** RECORDS TO PROCESS follows **

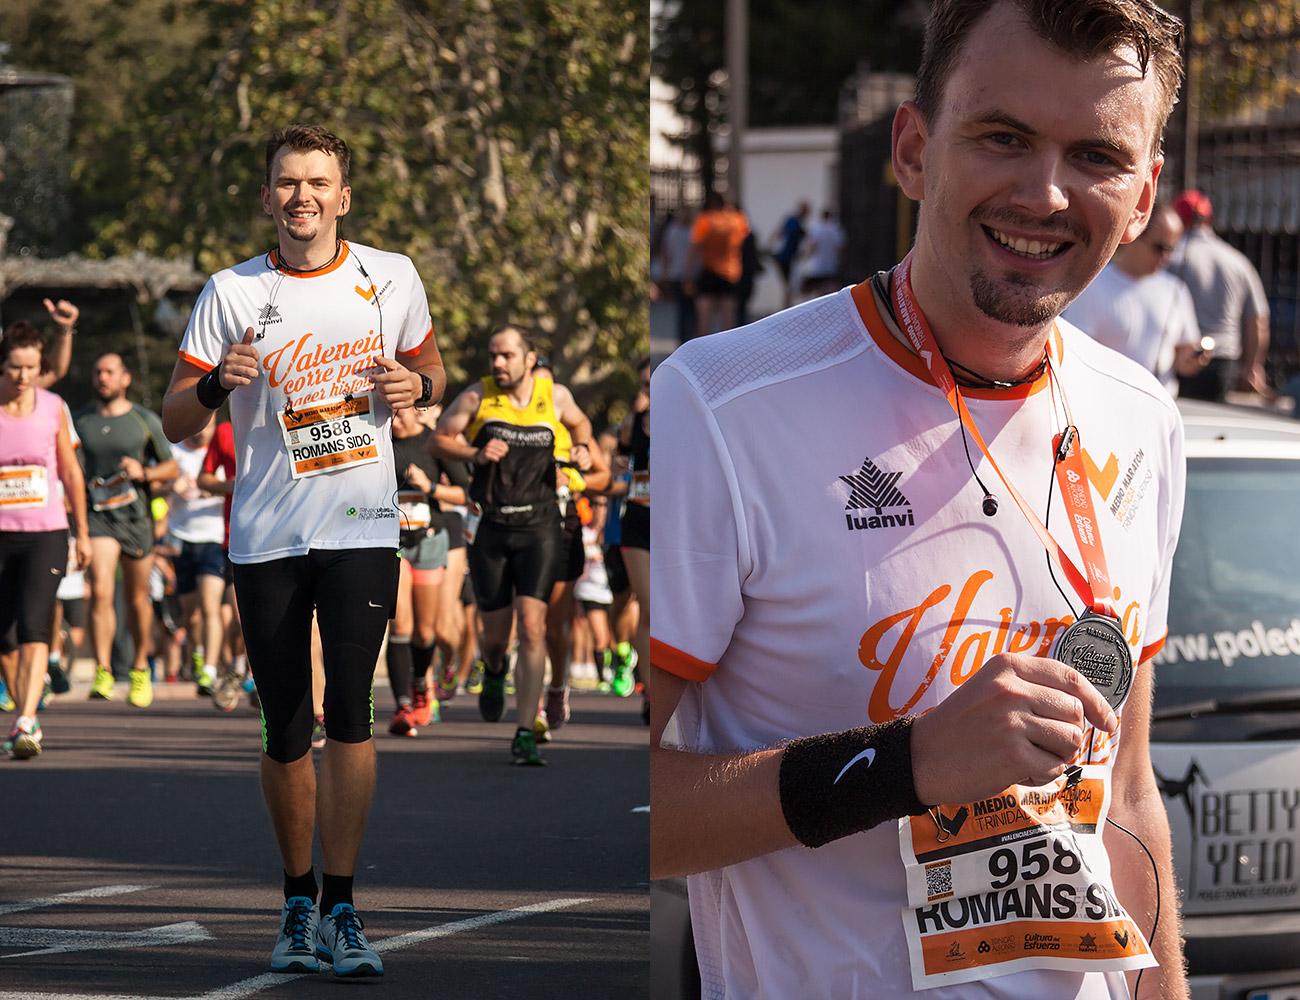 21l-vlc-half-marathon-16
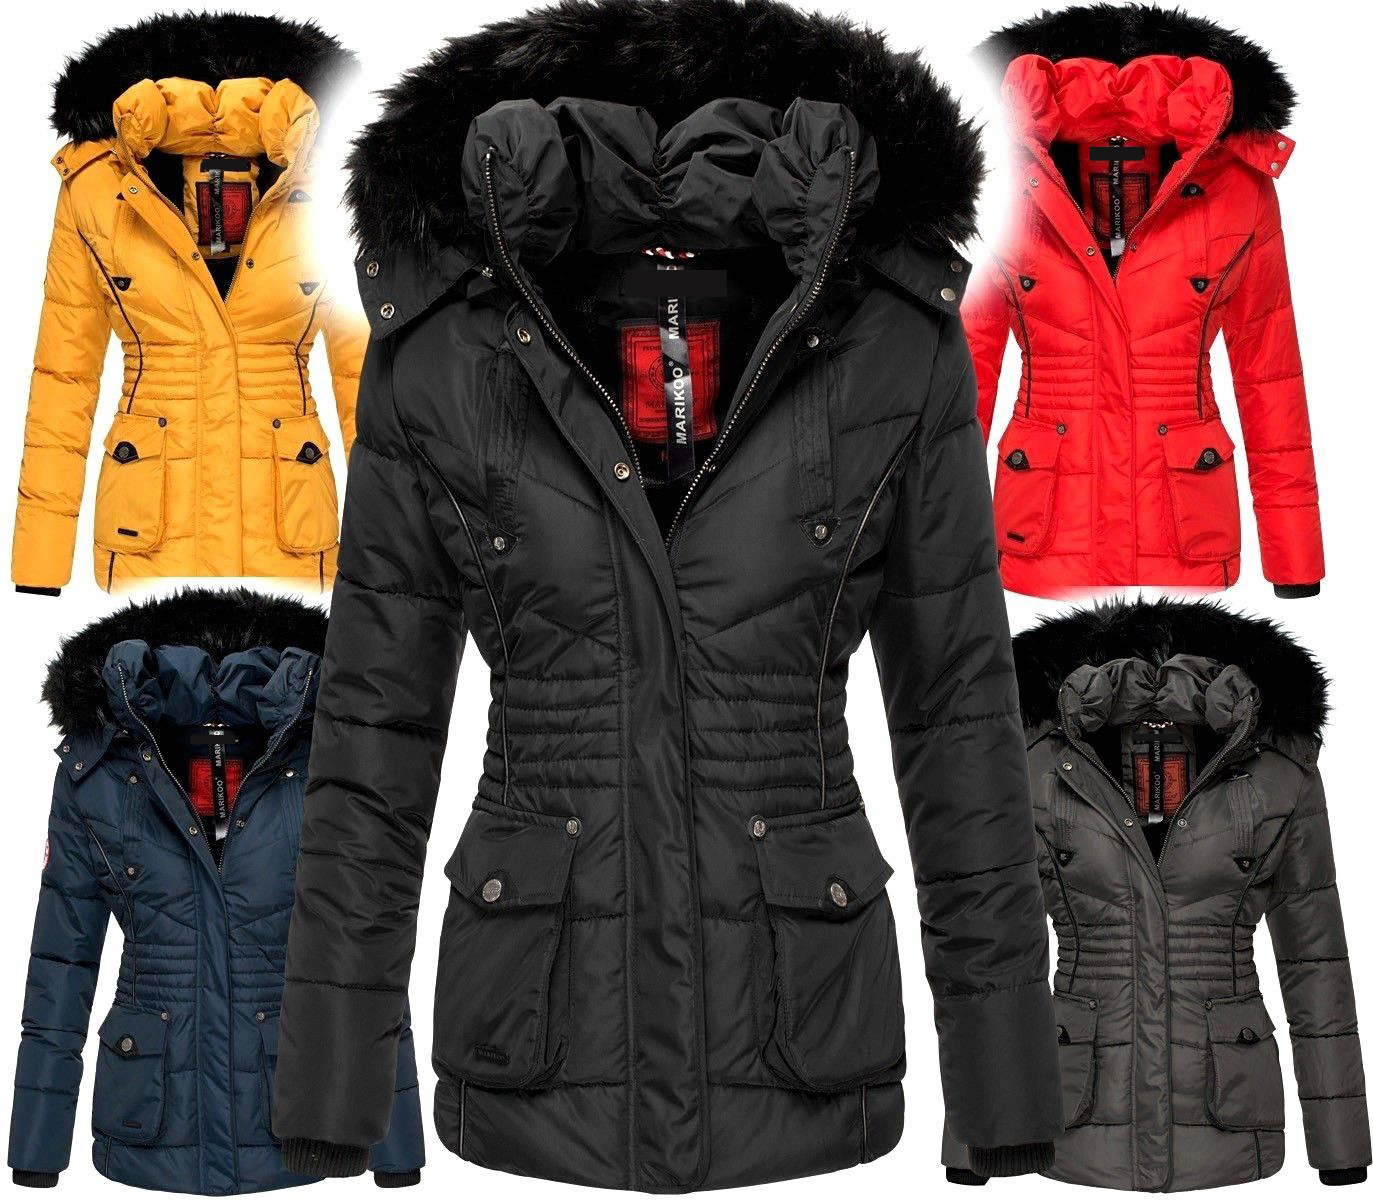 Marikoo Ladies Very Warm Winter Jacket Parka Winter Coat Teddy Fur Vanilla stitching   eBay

** End of RECORDS TO PROCESS **
** RECORDS TO PROCESS follows **

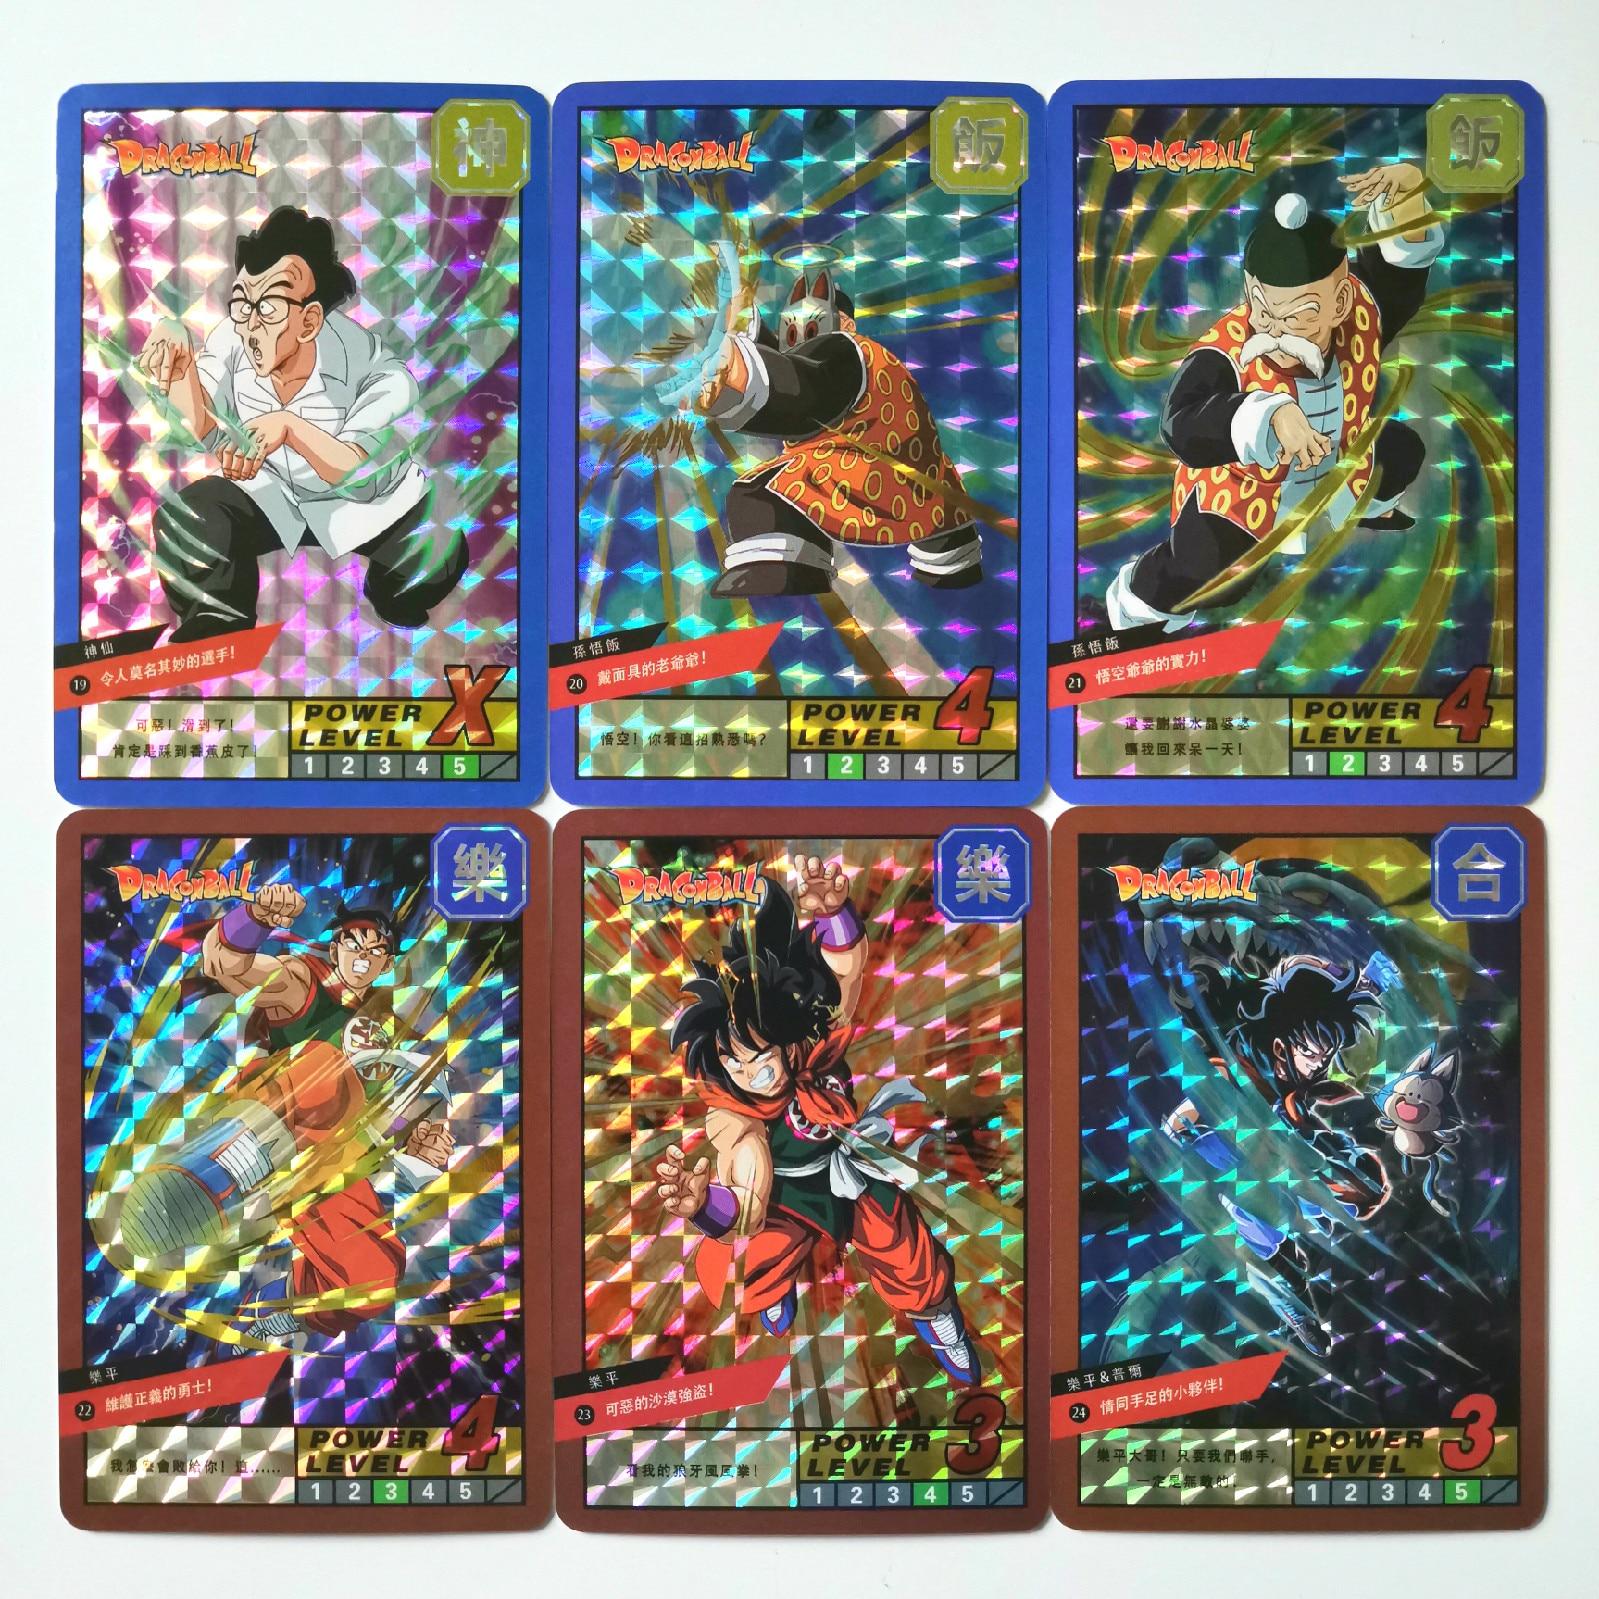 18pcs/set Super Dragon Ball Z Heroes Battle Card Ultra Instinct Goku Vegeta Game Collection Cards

** End of RECORDS TO PROCESS **
** RECORDS TO PROCESS follows **

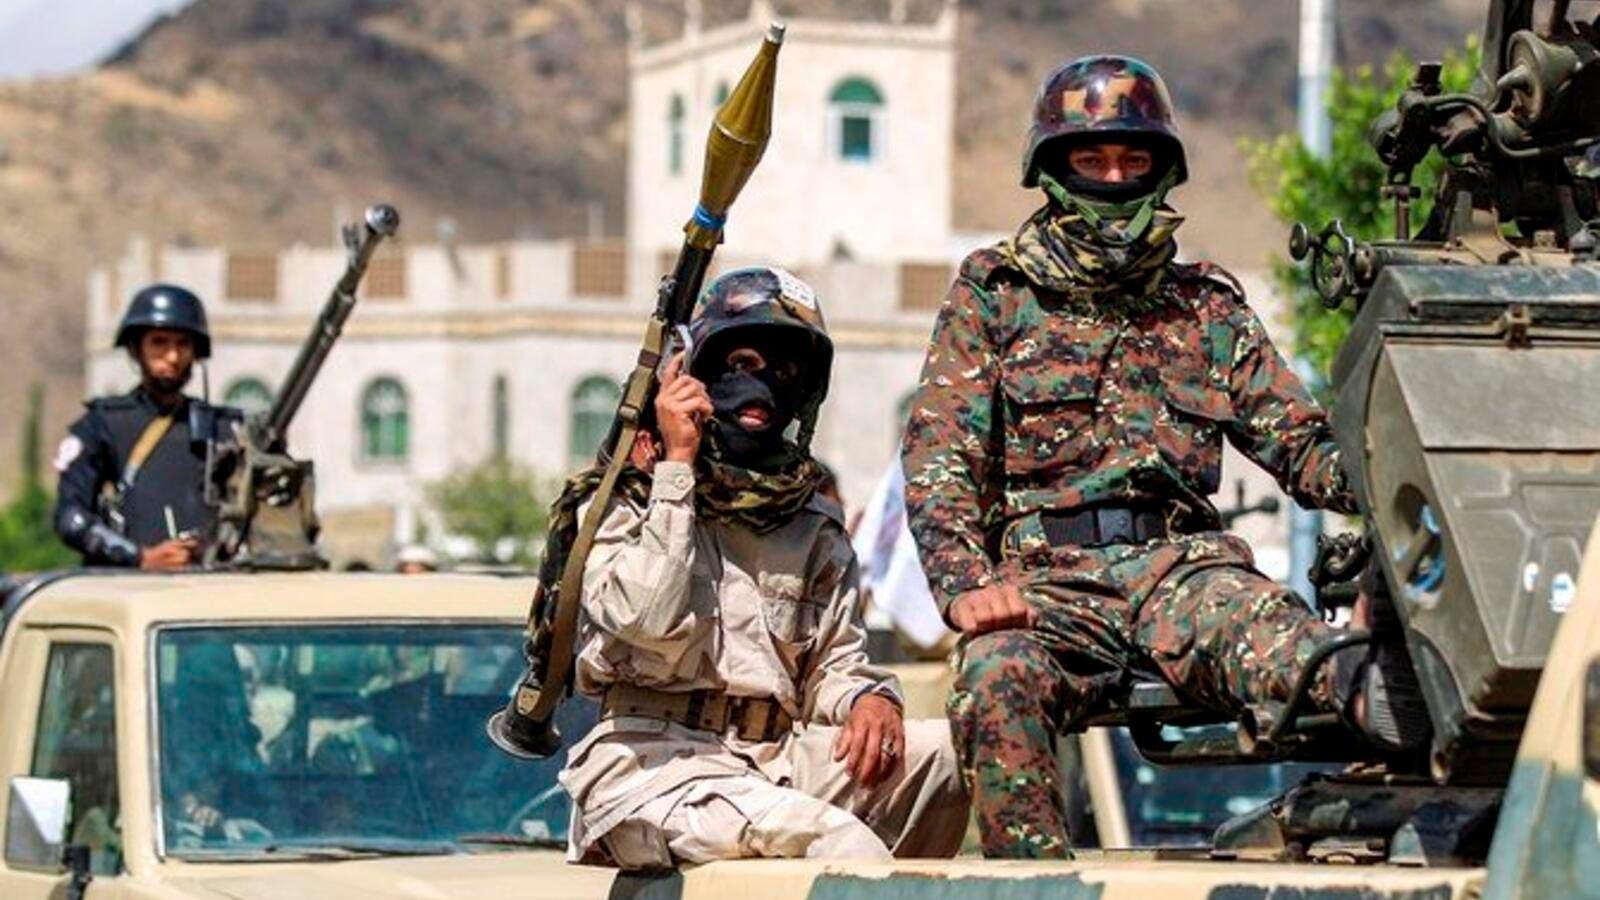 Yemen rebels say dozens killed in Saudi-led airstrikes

** End of RECORDS TO PROCESS **

## DIRECTIONS:
Out of the records above, please copy exactly the lines from the line with "21l-vlc-half-marathon-16" up to and including the line with "Marikoo Ladies Very", minus the pictures.

## EXERCISE OUTPUT:
 21l-vlc-half-marathon-16
 Marikoo Ladies Very Warm Winter Jacket Parka Winter Coat Teddy Fur Vanilla stitching   eBay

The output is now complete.